As provided herein, the Trustee shall make an election to treat the segregated pool of assets consisting of the Class C Interest as a REMIC for federal income tax purposes, and such segregated pool of assets will be designated as "REMIC CX."  The Class R-CX Interest shall represent the sole class of "residual interests" in REMIC CX for purposes of the REMIC Provisions (as defined herein) under federal income tax law.  The following table irrevocably sets forth the designation, the Pass-Through Rate, initial Uncertificated Principal Balance, and solely for purposes of satisfying Treasury regulation Section 1.860G-1(a)(4)(iii), the "latest possible maturity date" for each of the REMIC CX Regular Interests.

 


Designation

Uncertificated REMIC CX
Pass-Through Rate

Initial Uncertificated
Principal Balance

Assumed Final
Maturity Date 1

Class C

Variable 2

$31,699,821.58

January 2047



_________________________

1          Solely for purposes of Section 1.860G-1(a)(4)(iii) of the Treasury regulations, the Distribution Date in the month following the month of the maturity date for the Mortgage Loan with the latest maturity date has been designated as the "latest possible maturity date" for each REMIC CX Regular Interest.

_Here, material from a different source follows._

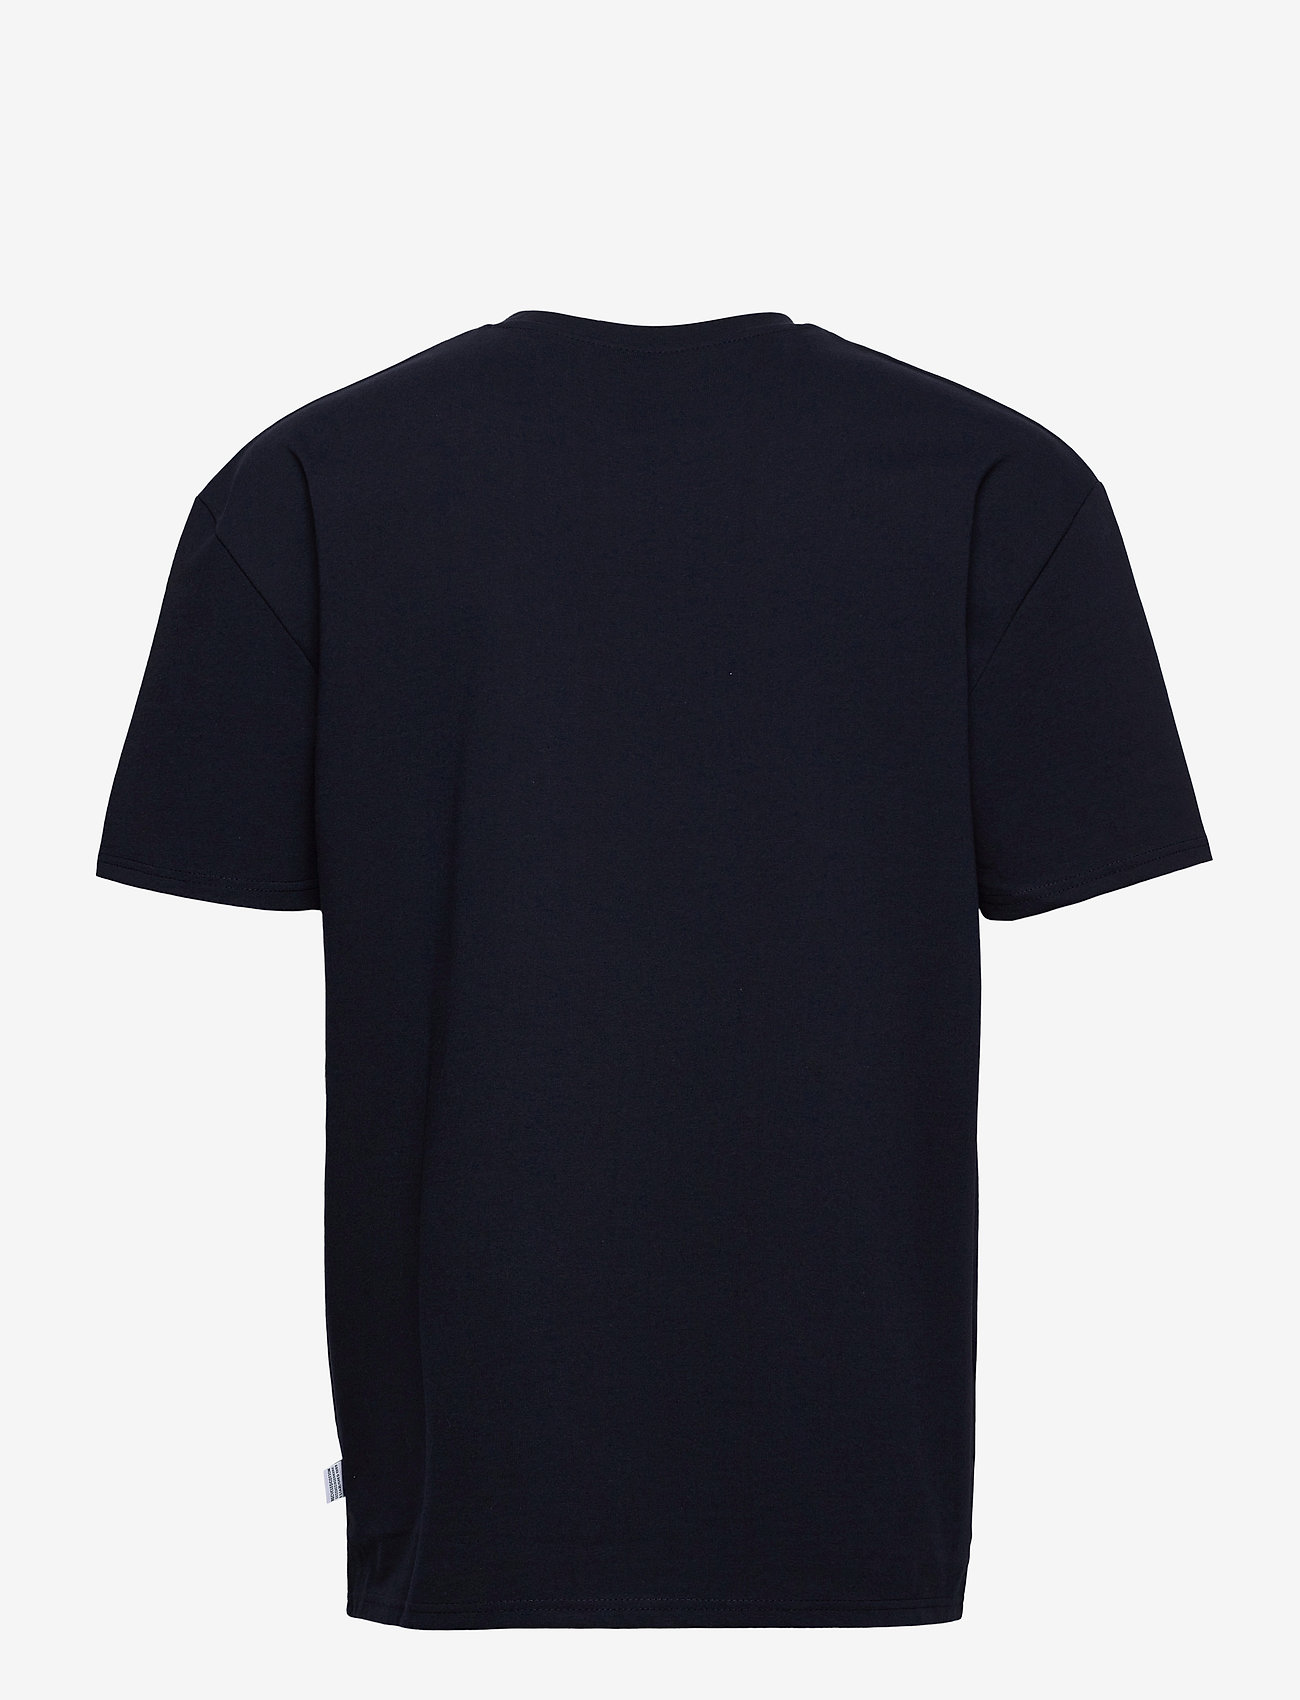 Kronstadt - Martin Recycled cotton boxfit t-shirt - basic t-shirts - navy - 1

2        The Class C Certificates will not accrue interest on their Certificate Principal Balance.  Instead, the monthly interest due on the Class C Certificates will be 100% of the interest paid on the Class C Interest.

 

REMIC PX

As provided herein, the Trustee shall make an election to treat the segregated pool of assets consisting of the Class P Interest as a REMIC for federal income tax purposes, and such segregated pool of assets will be designated as "REMIC PX."  The Class R-PX Interest shall represent the sole class of "residual interests" in REMIC PX for purposes of the REMIC Provisions (as defined herein) under federal income tax law.  The following table irrevocably sets forth the designation, the Pass-Through Rate, initial Uncertificated Principal Balance, and solely for purposes of satisfying Treasury regulation Section 1.860G-1(a)(4)(iii), the "latest possible maturity date" for each of the REMIC PX Regular Interests.

 

Designation

Uncertificated REMIC PX
Pass-Through Rate

Initial Uncertificated
Principal Balance

Assumed Final
Maturity Date 1

Class P

N/A 2

$100.00

January 2047



_________________________

1          Solely for purposes of Section 1.860G-1(a)(4)(iii) of the Treasury regulations, the Distribution Date in the month following the month of the maturity date for the Mortgage Loan with the latest maturity date has been designated as the "latest possible maturity date" for each REMIC PX Regular Interest.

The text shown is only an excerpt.